New York legislature approves gay marriage
New York legislature approves gay marriage
New York's Catholic bishops said they were deeply disappointed and troubled by the passage of the bill.

Albany: New York's state legislature gave final approval on Friday to same-sex marriages, a key victory for gay rights ahead of the 2012 presidential and congressional elections.

New York will become the sixth and most populous US state to allow gay marriage. State senators voted 33-29 to approve marriage equality legislation introduced by Governor Andrew Cuomo, a Democrat in his first year of office.

"New York has finally torn down the barrier that prevented same-sex couples from exercising the freedom to marry and from receiving the fundamental protections that so many couples and families take for granted," Cuomo said in a statement.

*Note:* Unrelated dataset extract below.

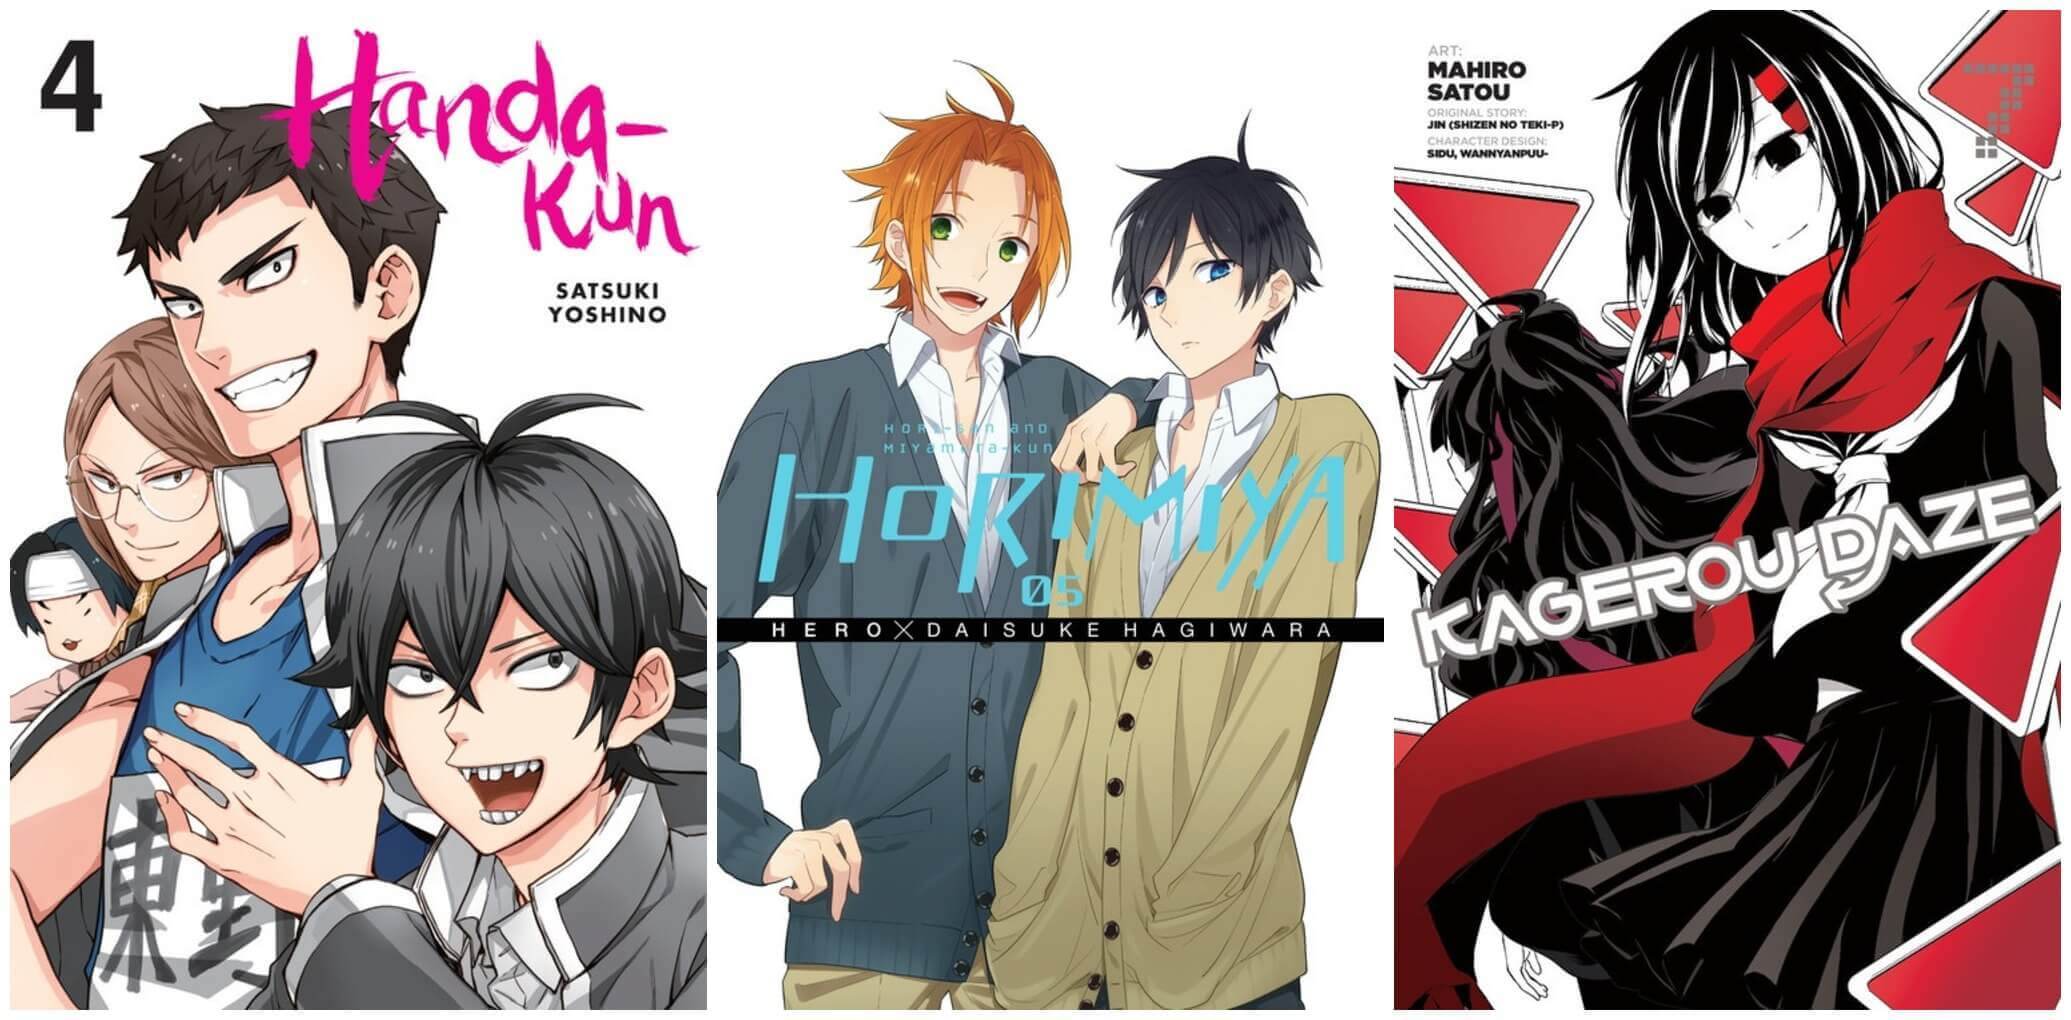 October 2016 Manga Releases Covers for Handa-kun, Horimiya, and Kagerou Daze.

After Cuomo signs the bill into law, same-sex weddings can start taking place in New York in 30 days, though religious institutions and nonprofit groups with religious affiliations will not be compelled to officiate at such ceremonies.

"I have to define doing the right thing as treating all persons with equality and that equality includes within the definition of marriage," said Republican Senator Stephen Saland, speaking before the bill was passed.

Cheers erupted in the Senate gallery in the state capital Albany and among a crowd of several hundred people who gathered outside New York City's Stonewall Inn, where riots following a police raid in 1969 sparked the modern gay rights movement.

"It's about time. I want to get married. I want the same rights as anyone else," Caroline Jaeger, 36, a student, who was outside the Stonewall Inn.

But New York's Catholic bishops said they were "deeply disappointed and troubled" by the passage of the bill.

"We always treat our homosexual brothers and sisters with respect, dignity and love. But we just as strongly affirm that marriage is the joining of one man and one woman," the New York State Catholic Conference said in a statement.

New York City Mayor Michael Bloomberg, an advocate for gay marriage who lobbied state lawmakers in recent weeks, said the vote was an "historic triumph for equality and freedom."

"Together, we have taken the next big step on our national journey toward a more perfect union," he said in a statement.

Election issue

President Barack Obama, who attended a fundraiser in New York on Thursday for Gay Pride Week, has a nuanced stance on gay issues. Experts say he could risk alienating large portions of the electorate if he came out strongly in favor of such matters as gay marriage before the 2012 elections.

During the 2008 election Obama picked up important support from Evangelicals, Catholics, Latinos and African-Americans, some of whom oppose gay marriage, which has become a contentious social issue being fought state-by-state.

In California a judge last year overturned a ban on gay marriage, but no weddings can take place while the decision is being appealed. It could set national policy if the case reaches the US Supreme Court.

Connecticut, Iowa, Massachusetts, New Hampshire, Vermont and the District of Columbia allow same-sex marriage, and Delaware, Hawaii, Illinois and New Jersey approved civil unions. The first legal same-sex marriages in the United States took place in Massachusetts in 2004.

But gay marriage is banned in 39 states.

In New York a recent Siena poll found 58 per cent of New Yorkers support gay marriage, while nationally the US public is nearly evenly split, with 45 percent in favor and 46 percent opposed, according to a Pew Research poll released last month.

New York's Democrat-dominated Assembly voted 80-63 in favor of gay marriage last week and passed the amended legislation on Friday 82-47.

A key sticking point had been over an exemption that would allow religious officials to refuse to perform services or lend space for same-sex weddings. Most Republicans were concerned the legal protection was not strong enough, so legislative leaders worked with Cuomo to amend his original bill.

"God, not Albany, settled the definition of marriage a long time ago," said Senator Ruben Diaz Sr, a Pentecostal minister and the only Democrat to vote against the measure.

However, fears of a slew of litigation arising from a possible religious exemption to New York's proposed same-sex marriage law are not borne out by experience with similar laws in other states, legal experts say.